- [DIRECTIONS]: Copy each line of the listing below exactly and drop the images.

- [AVAILABLE DATA]:
********************

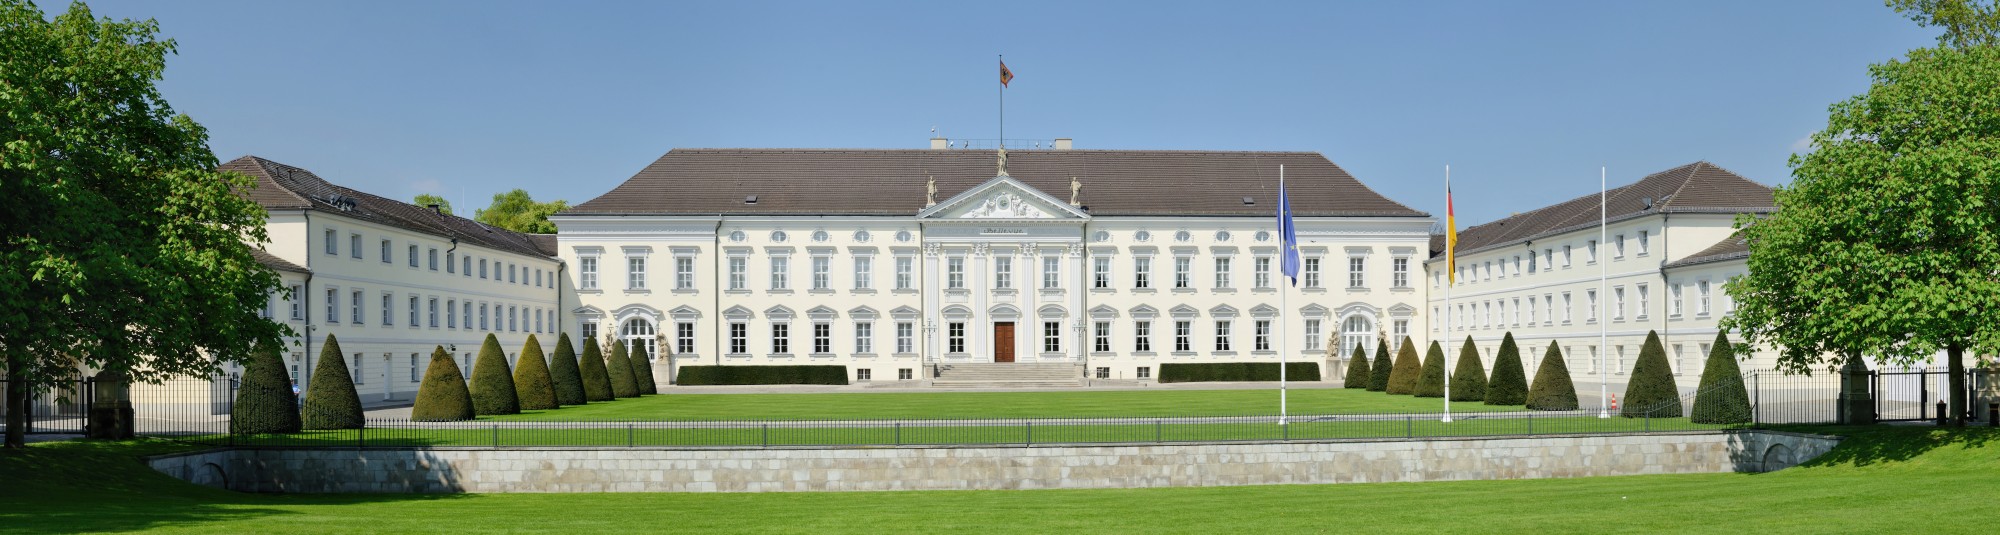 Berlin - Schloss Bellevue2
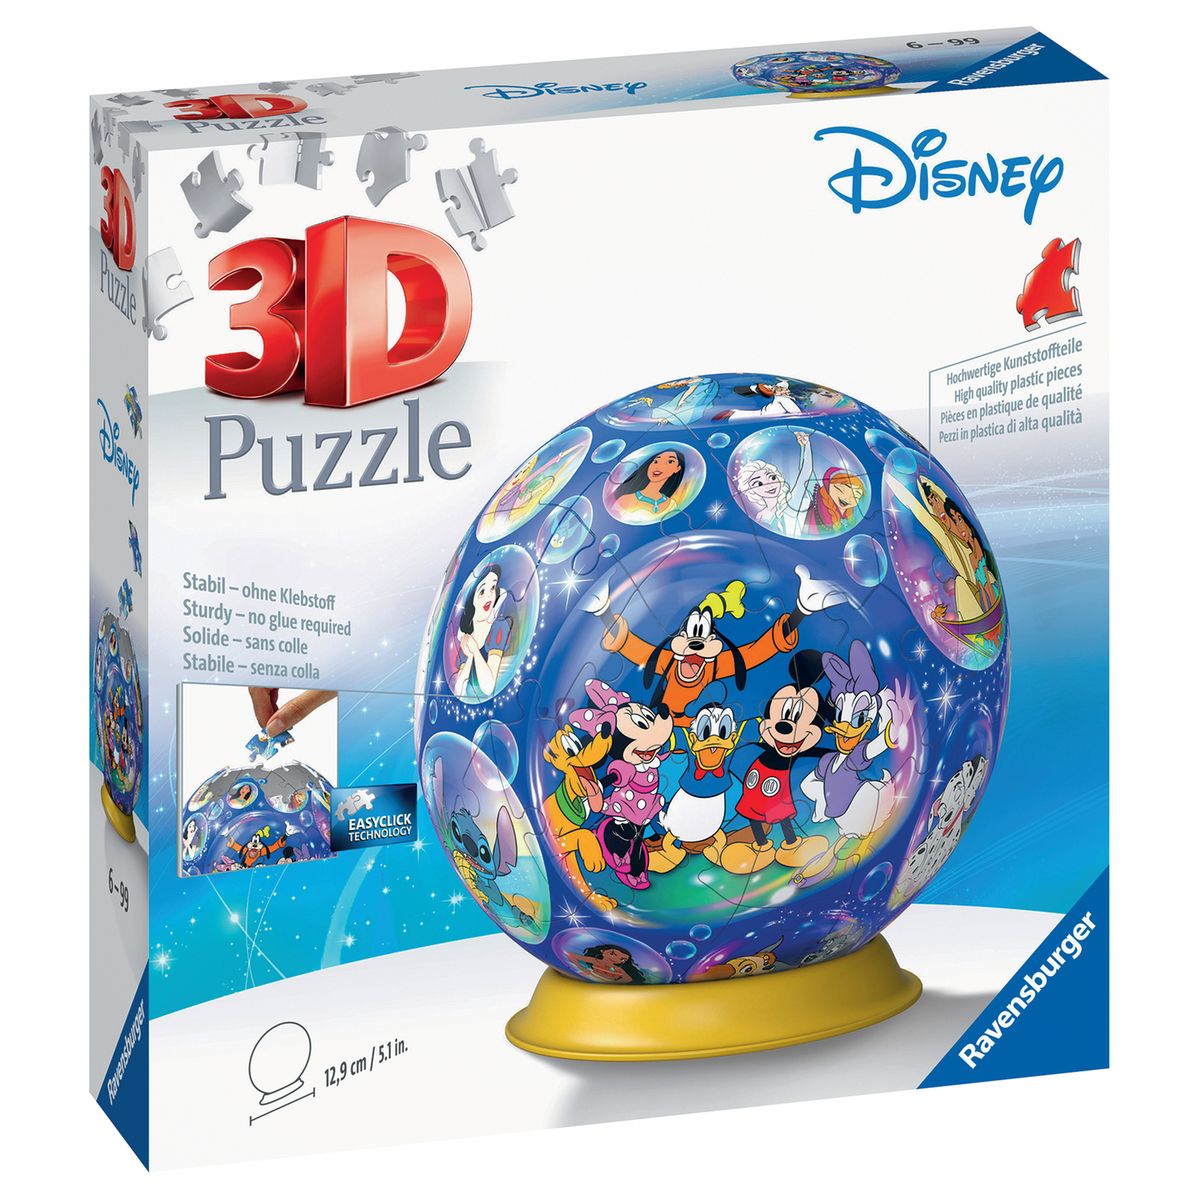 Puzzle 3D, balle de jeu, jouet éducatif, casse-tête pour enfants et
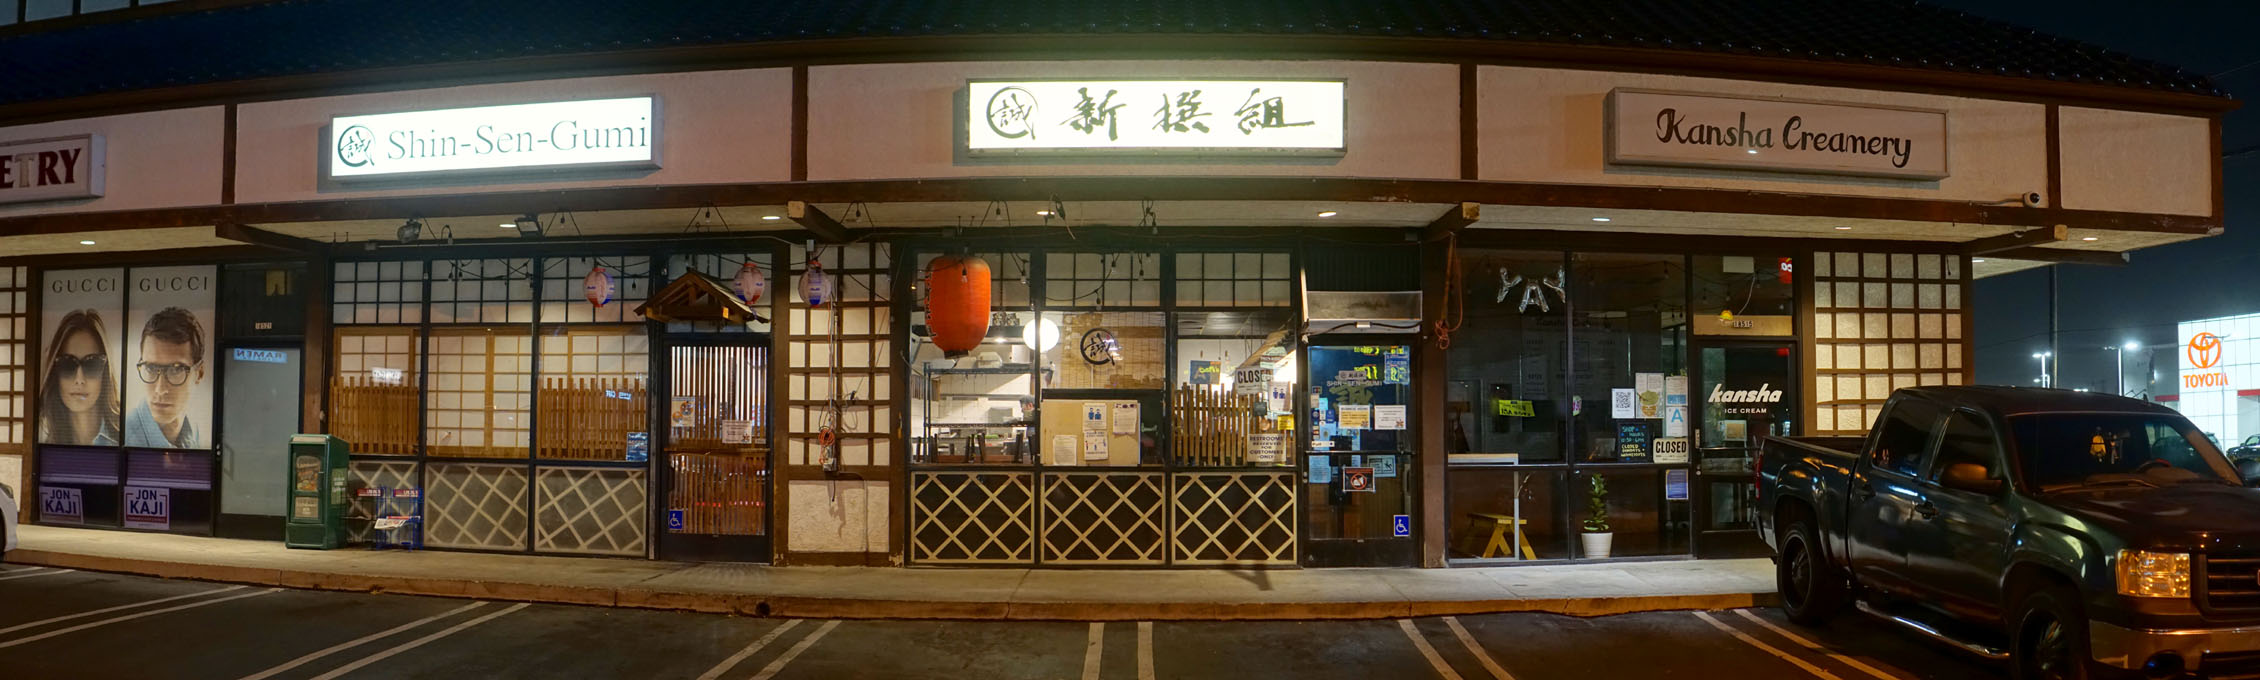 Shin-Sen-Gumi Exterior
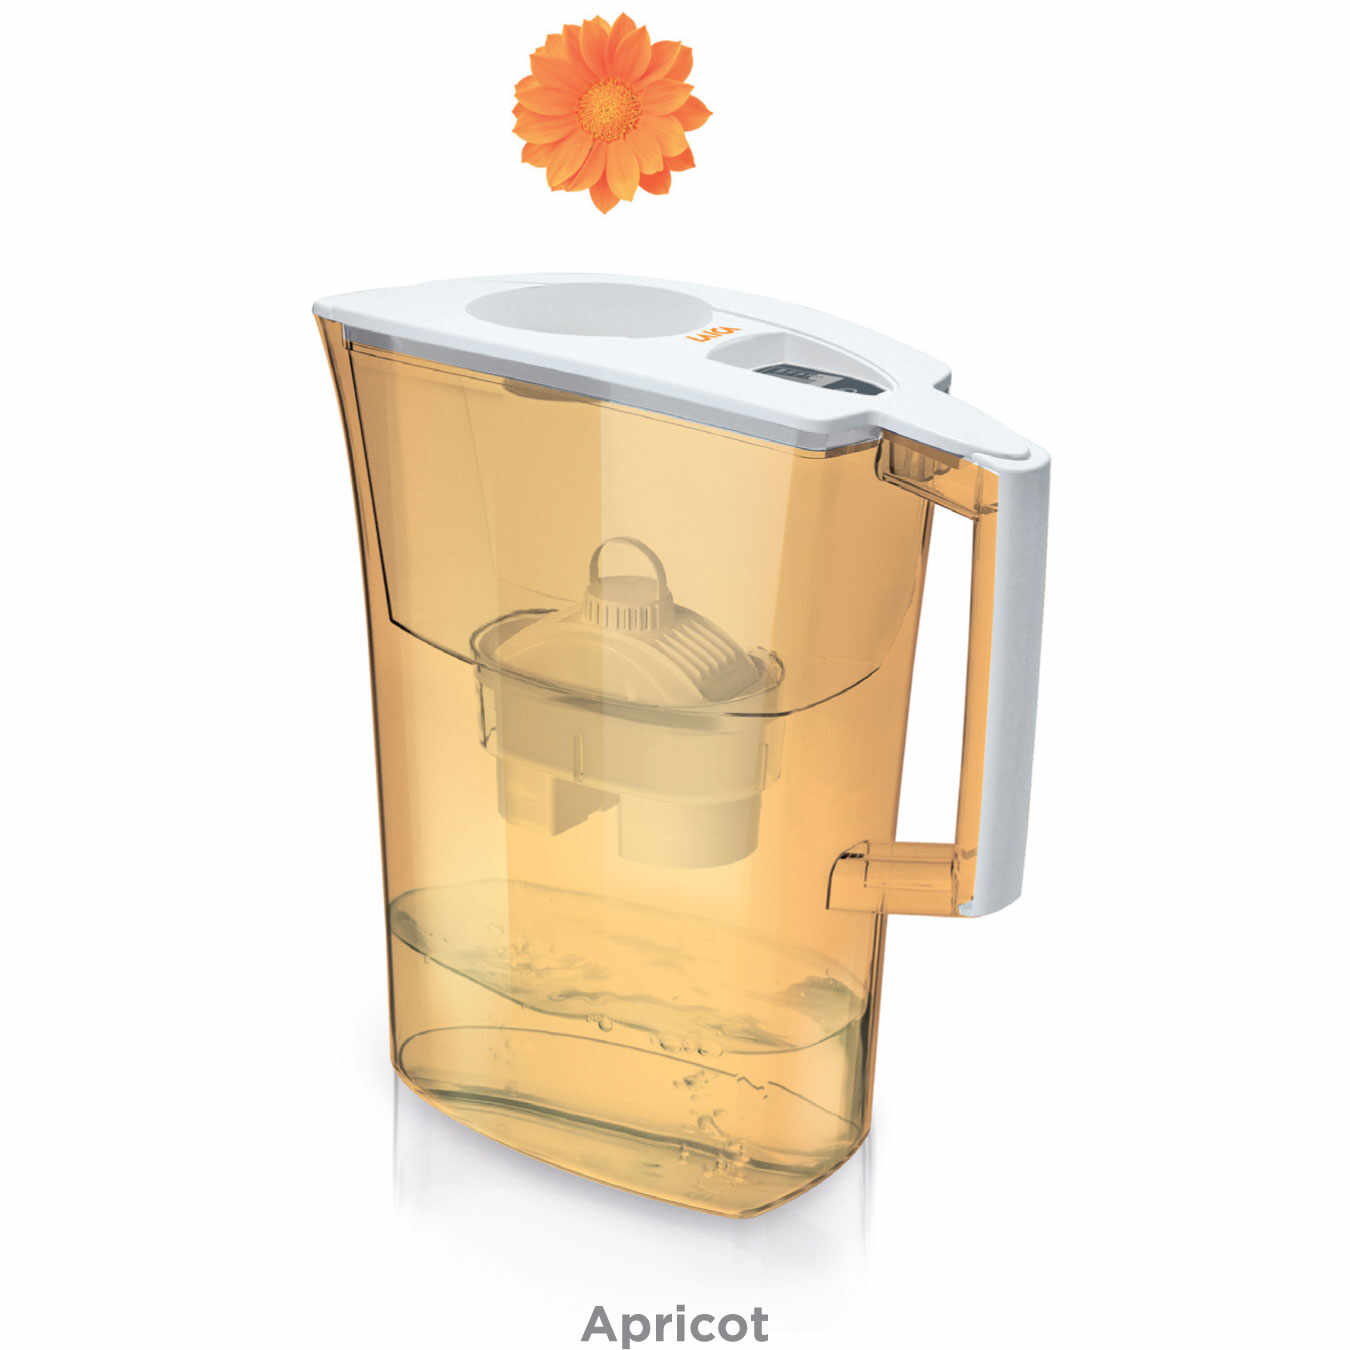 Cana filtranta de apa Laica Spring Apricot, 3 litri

********************

- [ANSWER]:
 Berlin - Schloss Bellevue2
 Puzzle 3D, balle de jeu, jouet éducatif, casse-tête pour enfants et
 Shin-Sen-Gumi Exterior
 Cana filtranta de apa Laica Spring Apricot, 3 litri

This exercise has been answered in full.